To make it fun (!), I decided to compute the ICSE ’12 information entropy off of the tag cloud. Here’s the fun I experienced:

First, I assigned a relative weight to the tags based merely on the visual perception of their font size, which in a tag cloud implies “gravity” or “importance”. For instance, the word ‘code’ got a relative weight of 85 whereas the word ‘pattern’ a relative weight of 9. The total weight for the 149 tags was 2387.5.

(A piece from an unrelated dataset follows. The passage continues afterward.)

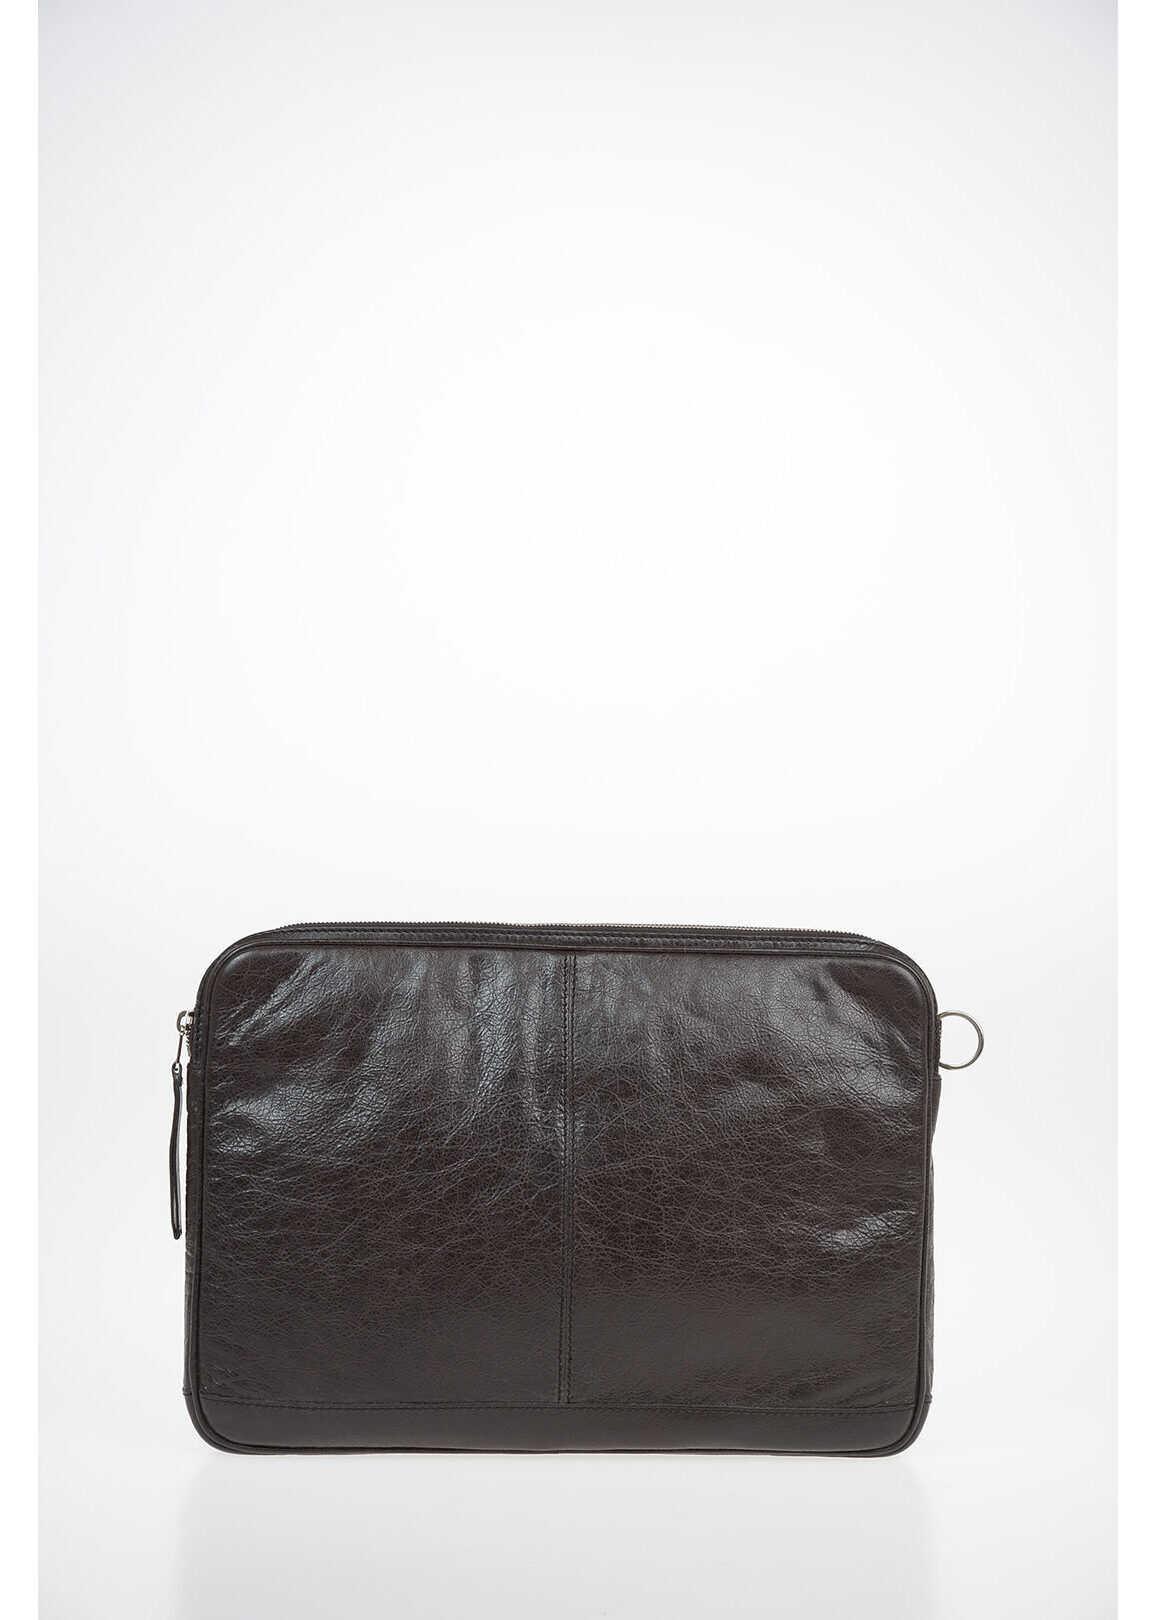 Balenciaga tumbled leather Laptop Bag BROWN imagine b-mall.ro
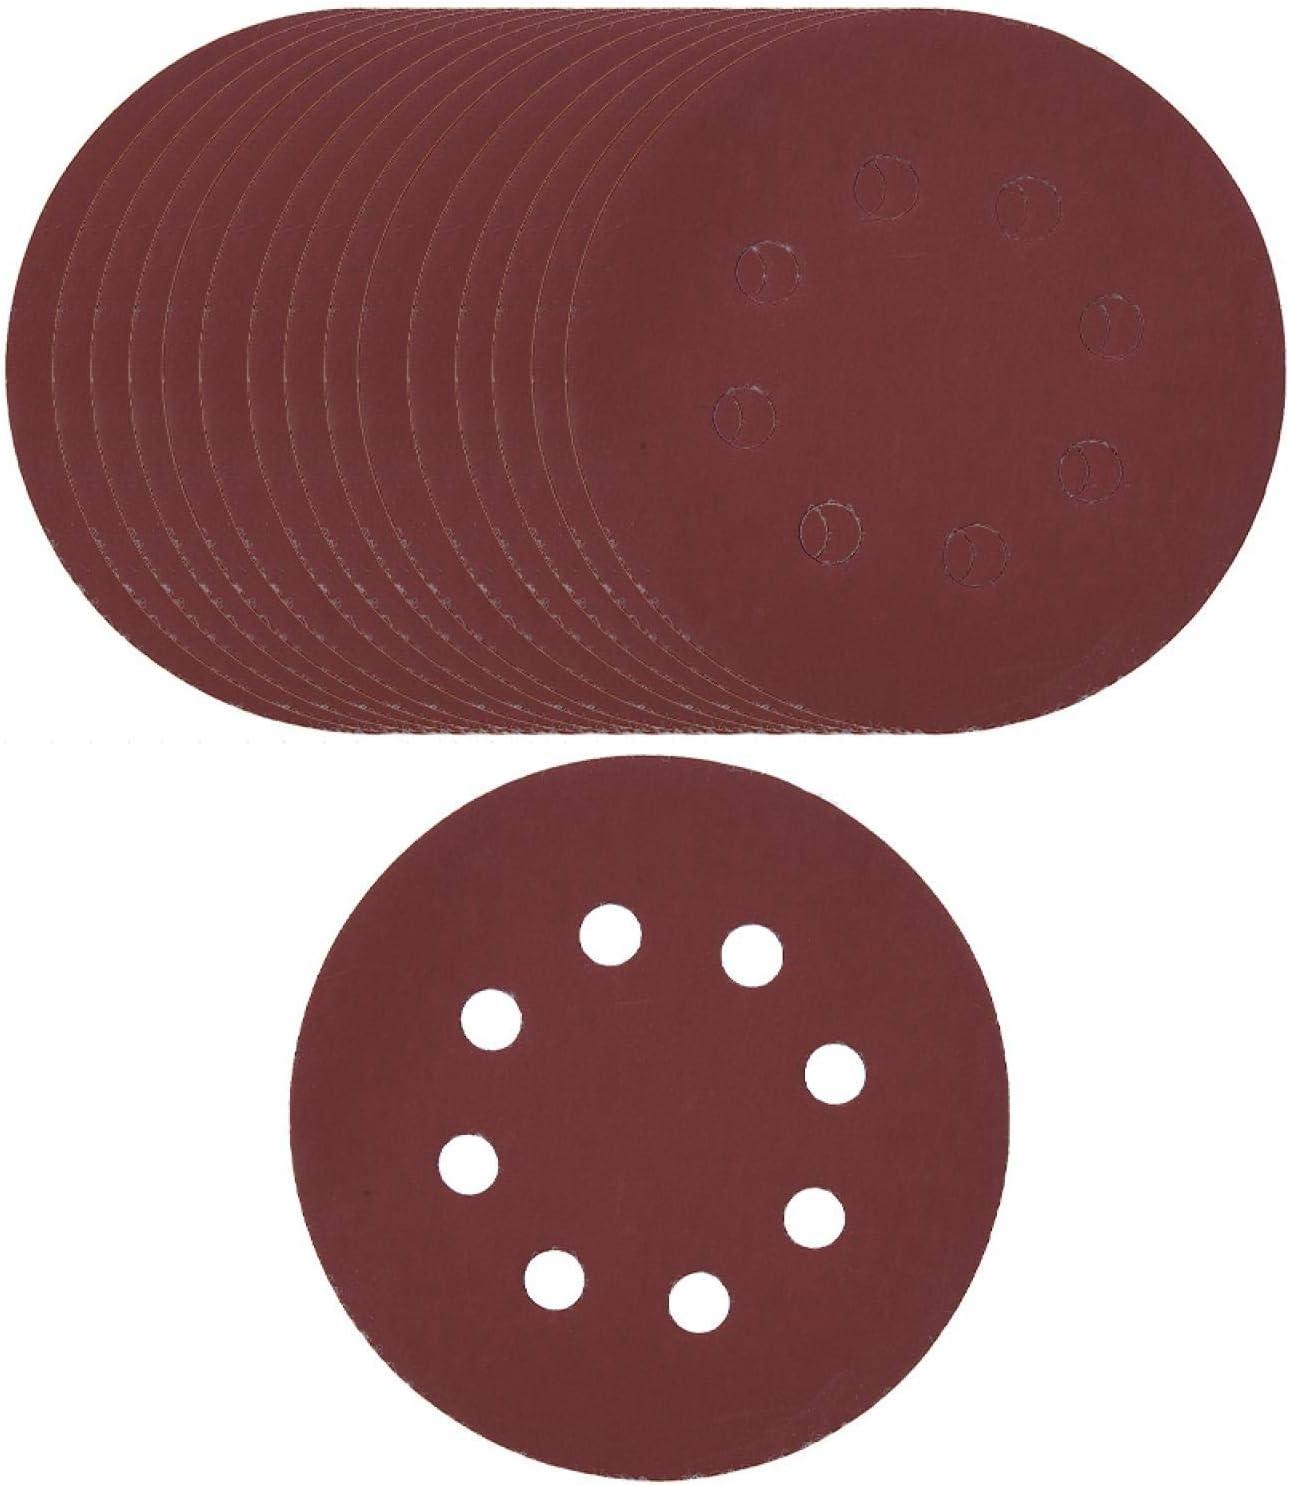 100PCS Metal Polishing 5 Import Inch 8 Discs Sanding Woo Ranking TOP8 Hole for

Next, I computed the empirical probabilities of each tag by using a frequency approach: the probability of a tag equals its relative weight over 2387.5, the total weight. It turns out the tags appear to follow a power-law distribution:

Having the probability distribution, I could compute the Shannon entropy, which turned out to be 7.01 bits per tag. That is, in principle, you’d need on average 7.01 bits to encode each tag in the tag cloud. Note that other constructs (such as articles, verbs, etc.) are excluded from the software engineering context. If one were to include those, then, no worries — the entropy of English language, especially in the academia, is probably less than 1 bit per character! Naturally, a more accurate first-order entropy can be computed if the count for each word is provided. That way, the empirical probabilities would be derived directly by dividing each word count with the total number of words (1,373,011). The perceived entropy value of 7.01 bits/ tag as well as the more accurate entropy value could be helpful to determine the lossless compression terminus of the 393 MB ICSE Proceedings archive! But, hey, bring it all to Canada — no need for data compression in our land.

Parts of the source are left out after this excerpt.